Strings are immutable, thus you have to assign the result to something, such as 'txt = txt.replaceAll()' I did not vote-down your answer, but that might be why someone else did so. – Enwired Oct 04 '13 at 20:26
7

I know replaceAll returns a string the important thing 4 java programers is\\p{javaSpaceChar} – surfealokesea Oct 06 '13 at 17:53
2

The original question made the mistake of not assigning the new string to a variable. Pointing out that mistake is thus the most important point of the answer. – Enwired Oct 07 '13 at 16:17
This totally solved my problem in Groovy! Finally! Been trying every regex I could find that would match all white space including NON-BREAK-SPACE (ASCII 160)!!! – Piko Nov 21 '17 at 18:22

Robert · Answer 4 · 2021-08-21T11:24:01.180

11

Java has evolved since this issue was first brought up. You can match all manner of unicode space characters by using the \p{Zs} group.

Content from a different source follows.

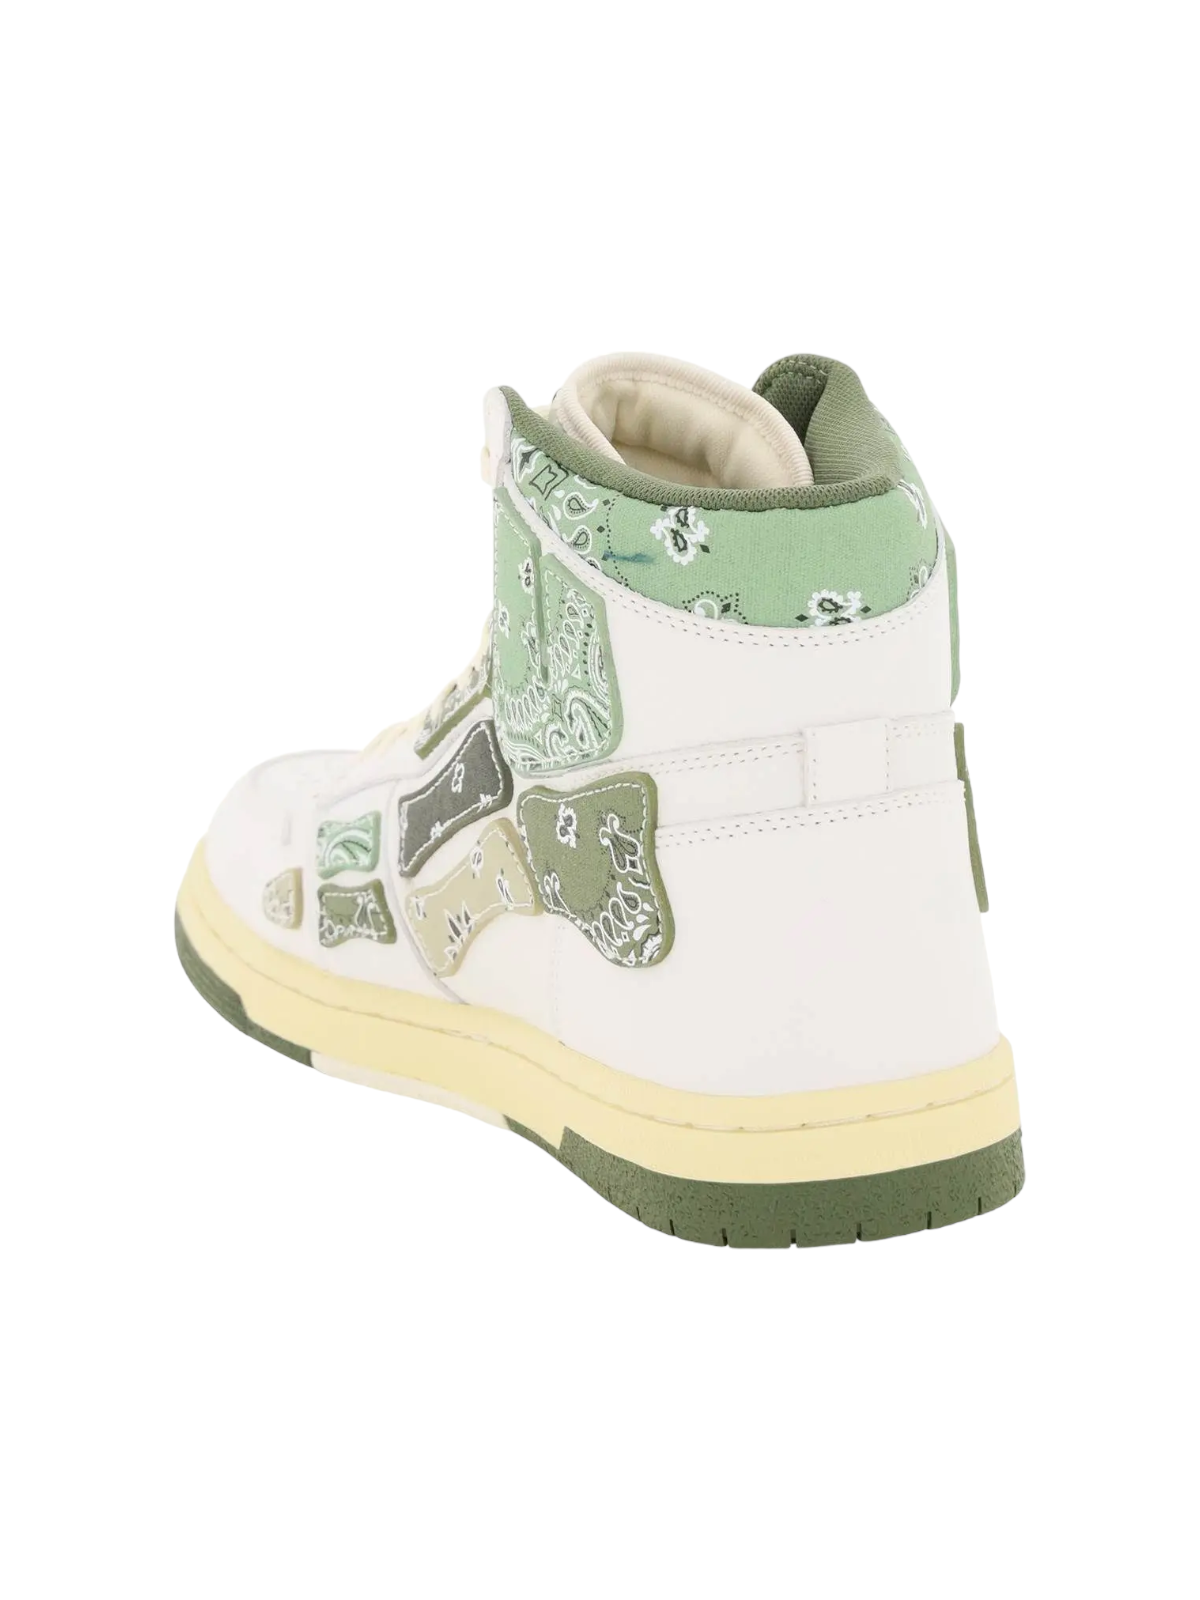 Amiri Skeleton High-Top Sneakers White/Green

Thus if you wanted to replace one or more exotic spaces with a plain space you could do this:

String txt = "whatever my string is";
String newTxt = txt.replaceAll("\\p{Zs}+", " ");

Also worth knowing, if you've used the trim() string function you should take a look at the (relatively new) strip(), stripLeading(), and stripTrailing() functions on strings. They can help you trim off all sorts of squirrely white space characters. For more information on what what space is included, see Java's Character.isWhitespace() function.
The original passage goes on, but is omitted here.